On 26 september 2026, she won her second straight Super Cup win after Njarðvík defeated Keflavík 83-78.

===National team career===
In November 2024, Rodriguez was selected to play for the Icelandic national team for the first time. In her debut on 7 November, Rodriguez scored 29 points in a 70–78 loss against Slovakia in the EuroBasket Women 2025 qualification.
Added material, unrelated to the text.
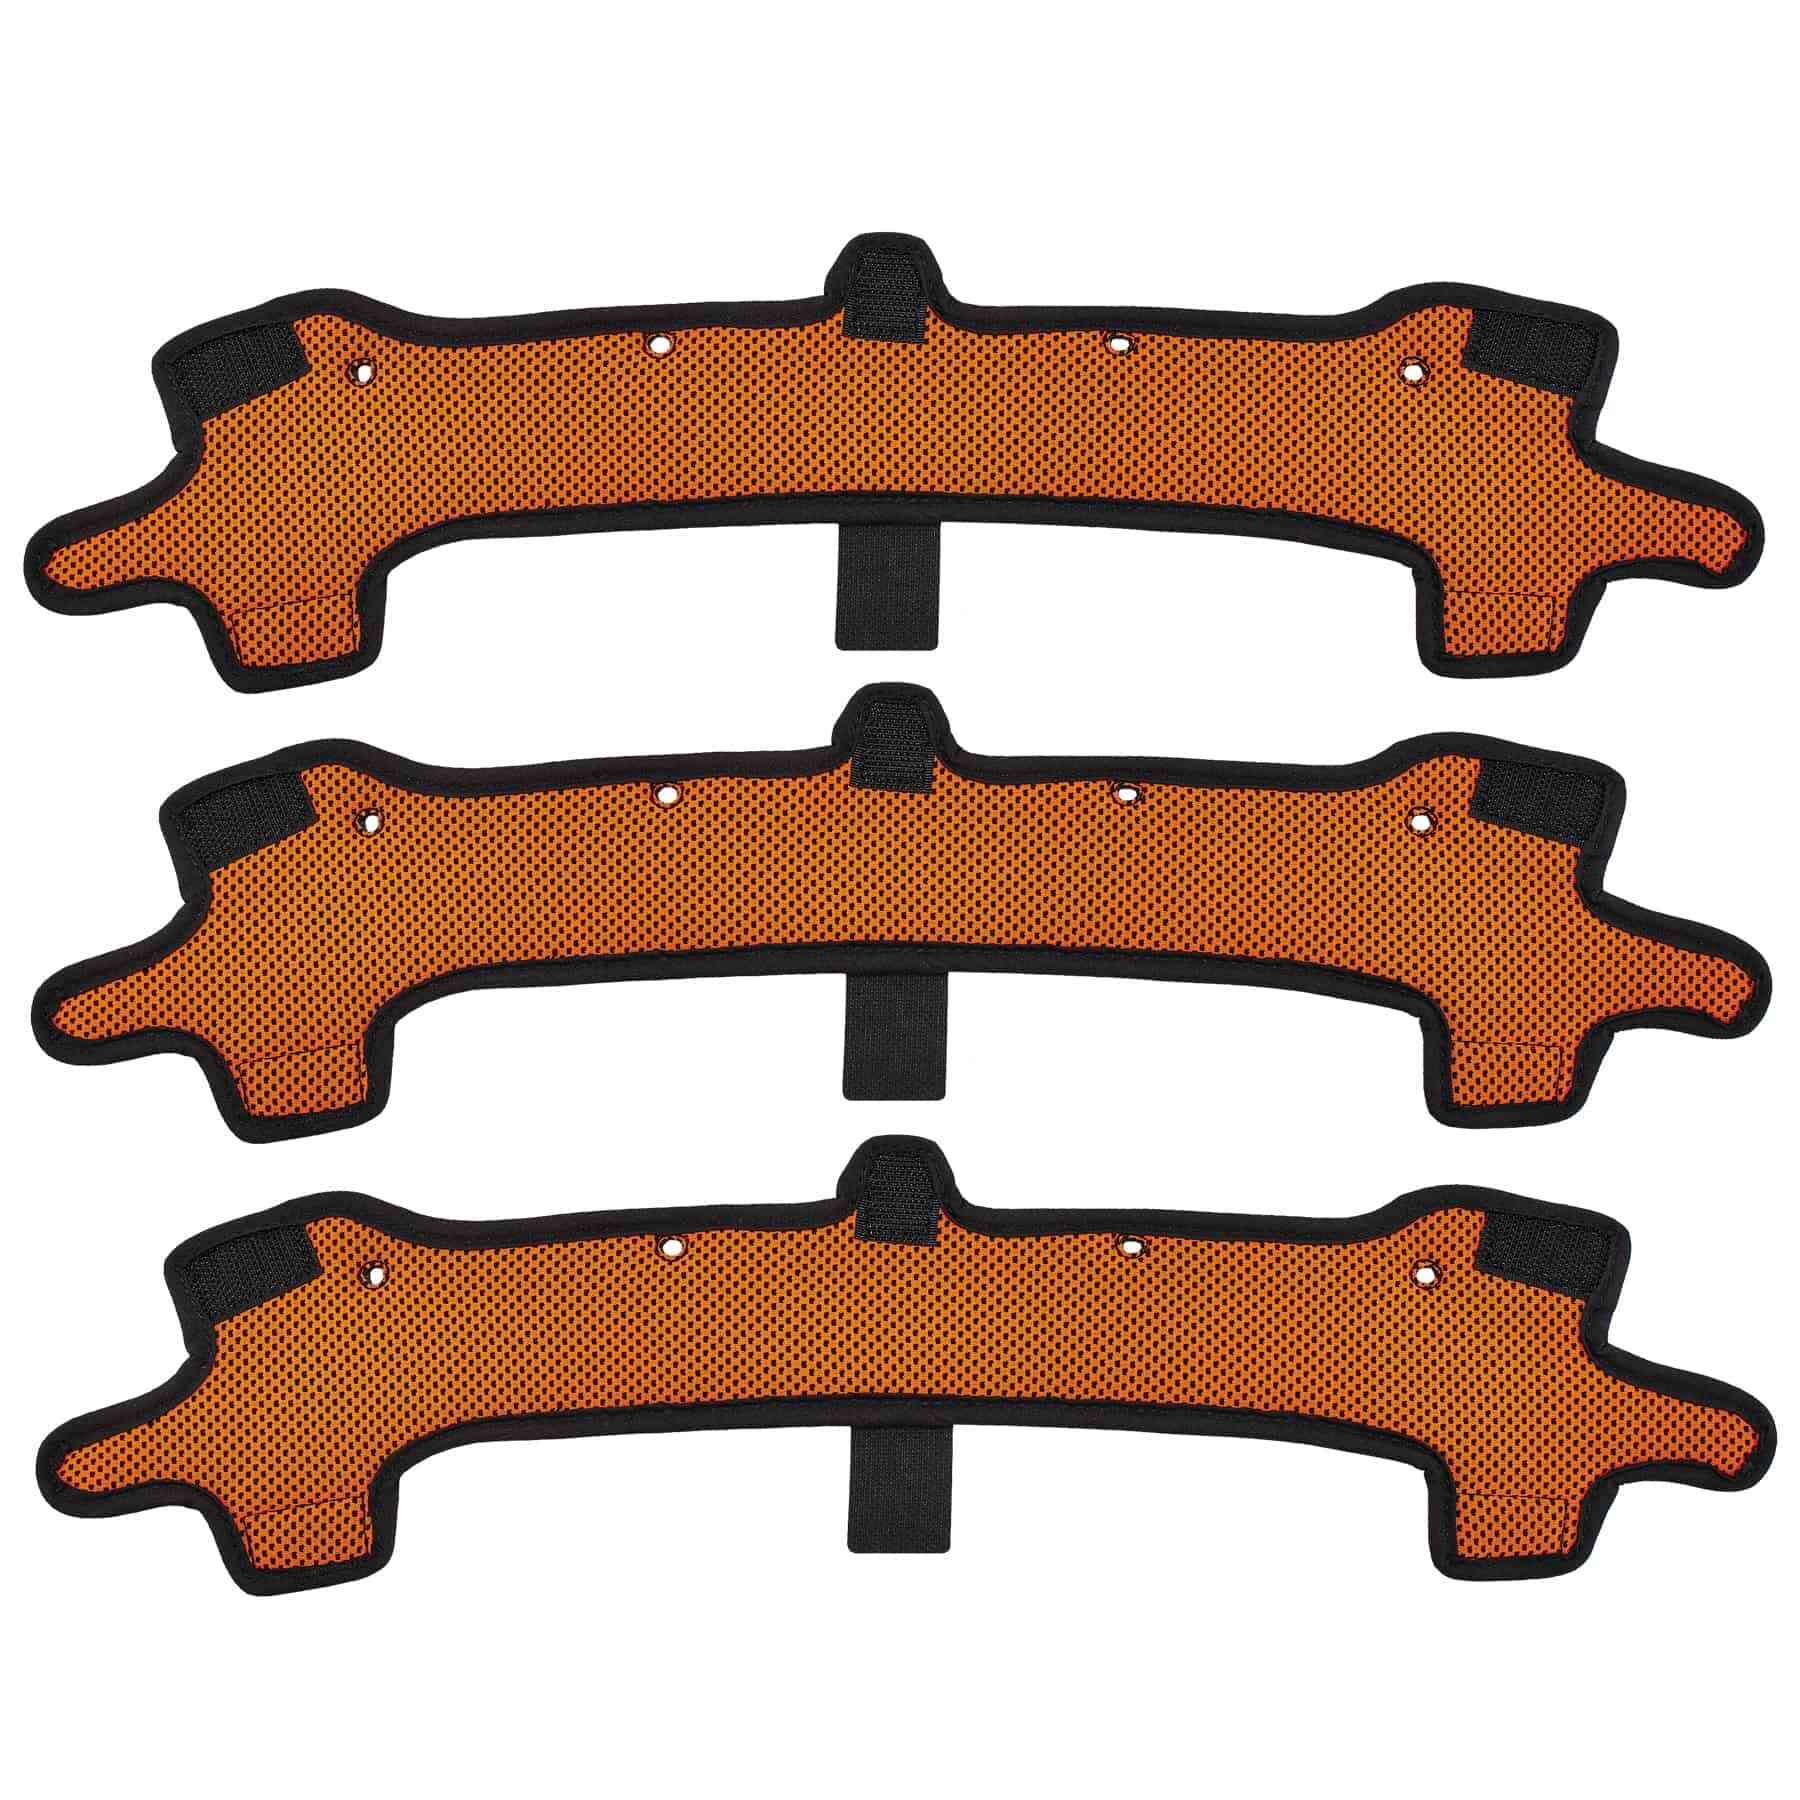 https://www.ergodyne.com/sites/default/files/product-images/60194-8984-hard-hat-replacement-sweatband-3-pack.jpg

Three days later, she scored 25 points in a 77–73 win against Romania, including the game winning basket and a free throw with 6.7 seconds left.

===Statistics===
====College statistics====

| Year | Team | GP | Points | FG% | 3P% | FT% | RPG | APG | SPG | BPG | PPG |
|---|---|---|---|---|---|---|---|---|---|---|---|
| 2012–13 | Utah | 36 | 94 | 37.8% | 38.2% | 57.6% | 3.1 | 2.2 | 0.6 | 0.4 | 2.6 |
| 2013–14 | Utah | 31 | 241 | 36.9% | 43.3% | 64.8% | 3.8 | 4.3 | 0.9 | 0.6 | 7.8 |
| 2014–15 | Utah | 29 | 249 | 38.8% | 35.9% | 59.5% | 4.4 | 3.6 | 1.0 | 0.9 | 8.6 |
| 2015–16 | Utah | 33 | 318 | 43.2% | 20.4% | 70.5% | 3.6 | 4.1 | 1.3 | 0.4 | 9.6 |
| Career |  | 129 | 902 | 39.7% | 33.3% | 64.2% | 3.7 | 3.5 | 0.9 | 0.6 | 7.0 |

Source

==Coaching career==
On December 1, 2018, the Icelandic Basketball Federation announced that it had hired Rodriguez as an assistant coach to the Icelandic women's national under-20 basketball team.

In May 2020, Rodriguez was hired as an assistant coach to Stjarnan men's basketball team and became the first woman to serve as a coach in the Icelandic top-tier Úrvalsdeild karla.

In August 2020, Rodriguez was hired as an assistant coach to the Icelandic women's national basketball team.

On 27 September 2020, she won her first medal as a coach when Stjarnan defeated Grindavík in the Icelandic Super Cup.

In August 2021, Rodriguez was named an assistant coach with University of San Diego women's basketball team.

==Personal life==
In Decemenber 2023 it was announced that she was one of 20 individuals that were recommended for an Icelandic citizenship by Alþingi. On 16 December, her citizenship was approved by a parliament vote.